ProtPeptigram addresses the critical need for specialized visualization tools in immunopeptidomics research, enabling scientists to map peptides identified from mass spectrometry experiments back to their source proteins with precise positional information and intensity data.


Features

Core Visualization Features

  • Intuitive Peptide Mapping: Map peptides to their source proteins with detailed positional information
  • Multi-Sample Support: Compare peptide presentation across different experimental conditions
  • Intensity-Based Coloring: Visualize peptide abundance with customizable color schemes
  • Automatic Highlighting: Identify regions of interest with dense peptide coverage
  • Publication-Quality Outputs: Generate high-resolution figures suitable for scientific publications
  • Customizable Visualizations: Adjust color schemes, highlighting, and display options

Advanced Analysis Features

  • Coverage Pattern Analysis: Identify hotspots and cold spots in peptide presentation
  • Cross-Sample Comparison: Statistical comparison of peptide presentations
  • Protein Filtering: Focus on top proteins by peptide count or specific protein lists
  • Intensity Thresholding: Filter low-abundance peptides for cleaner visualizations
  • Batch Processing: Process multiple proteins simultaneously

Installation

System Requirements

  • Python: ≥ 3.8 (recommended: 3.10+)
  • Operating System: Cross-platform (Windows, macOS, Linux)
  • Memory: 4GB RAM minimum (8GB recommended for large datasets)

Dependencies

pandas >= 1.3.0
matplotlib >= 3.5.0
numpy >= 1.21.0
Biopython >= 1.78
rich >= 10.0.0

Installation Methods

Method 1: From PyPI (Recommended)

pip install protpeptigram

Method 2: From TestPyPI

pip install -i https://test.pypi.org/simple/ --extra-index-url https://pypi.org/simple/ protpeptigram

Method 3: From Source (Development)

git clone https://github.com/Sanpme66/ProtPeptigram.git
cd ProtPeptigram
pip install -e .

Method 4: Using Conda

conda create -n protpeptigram python=3.10
conda activate protpeptigram
pip install protpeptigram

Quick Start

Command Line Interface

Basic Usage

# Minimal command with default settings
protpeptigram -i data/peptides.csv -f data/proteome.fasta -o output_directory

Advanced Usage Examples

# Visualize top 10 proteins by peptide count
protpeptigram -i data/peptides.csv -f data/proteome.fasta -o output_dir -tp 10

# Visualize specific proteins from a list
protpeptigram -i data/peptides.csv -f data/proteome.fasta -o output_dir -pl protein_list.txt

# Apply intensity threshold to filter low-abundance peptides
protpeptigram -i data/peptides.csv -f data/proteome.fasta -o output_dir -th 1000

# Comprehensive analysis with multiple filters
protpeptigram -i data/peptides.csv -f data/proteome.fasta -o output_dir \
  -tp 20 -th 500 --filter-contaminants --min-samples 3

Python API Usage

Basic Workflow

from ProtPeptigram.DataProcessor import PeptideDataProcessor
from ProtPeptigram.viz import ImmunoViz

# Step 1: Initialize data processor
processor = PeptideDataProcessor()

# Step 2: Load data files
processor.load_peaks_data("data/peptides.csv")
processor.load_protein_sequences("data/proteome.fasta")

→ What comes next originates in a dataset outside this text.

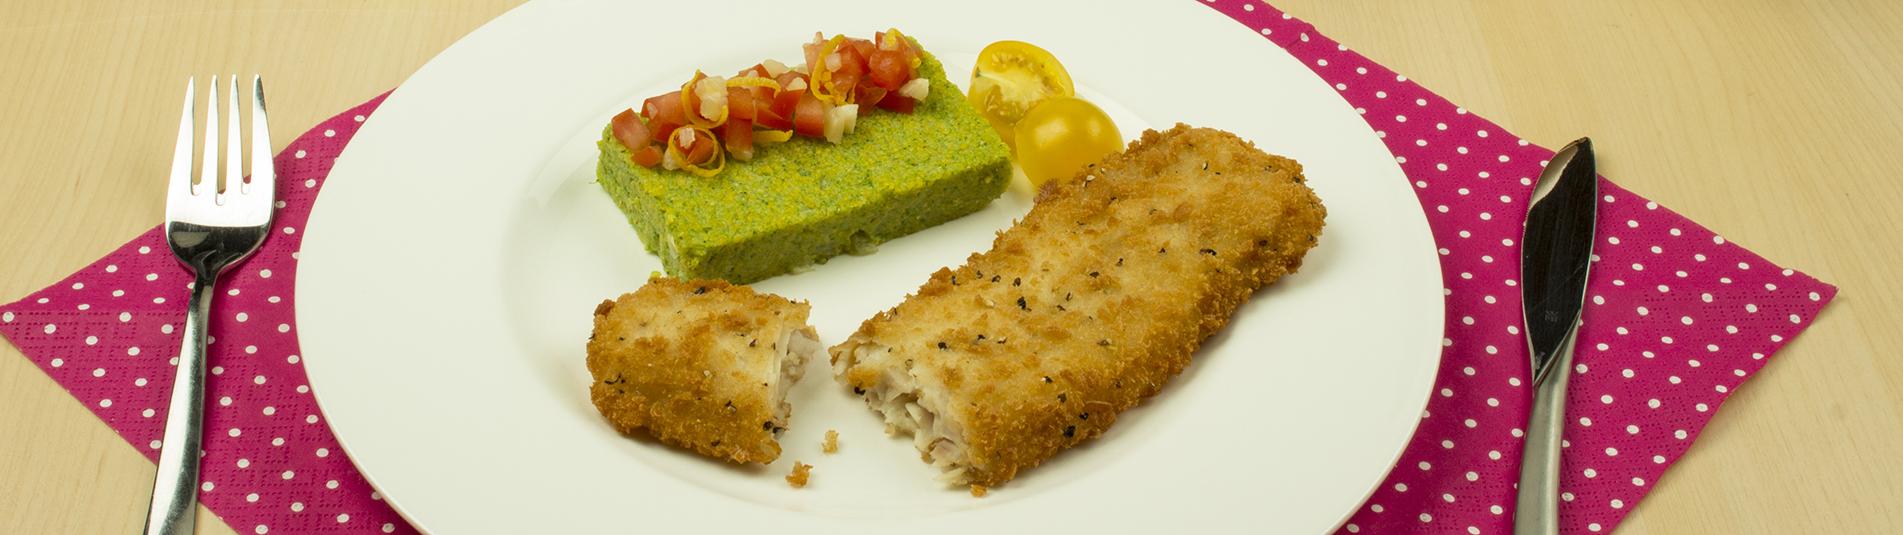 Iglo Ofenvariation mit Polenta Spinat

# Step 3: Process and filter data
formatted_data = processor.filter_and_format_data(
    filter_contaminants=True,
    intensity_threshold=1000,
    min_samples=2
)

# Step 4: Create visualizations
viz = ImmunoViz(formatted_data)
fig, axes = viz.plot_peptigram(
    protein_ids=["P20152", "P32261"],
    group_by="Sample",
    color_by="protein",
    title="HLA Peptide Visualization"
)

# Step 5: Save high-quality output
fig.savefig("protein_visualization.png", dpi=300, bbox_inches="tight")

API Reference

Class: PeptideDataProcessor

Main class for processing and preparing immunopeptide data.

Constructor

PeptideDataProcessor(config=None)

Methods

load_peaks_data(filepath)

Description: Load peptide data from PEAKS software output.

Parameters:

  • filepath (str): Path to CSV file containing peptide data
  • encoding (str, optional): File encoding (default: 'utf-8')

Returns: None (data stored internally)

Example:

processor.load_peaks_data("peptides.csv")
load_protein_sequences(fasta_path)

Description: Load protein sequences from FASTA file.

Parameters:

  • fasta_path (str): Path to FASTA file containing protein sequences
  • format (str, optional): Sequence format (default: 'fasta')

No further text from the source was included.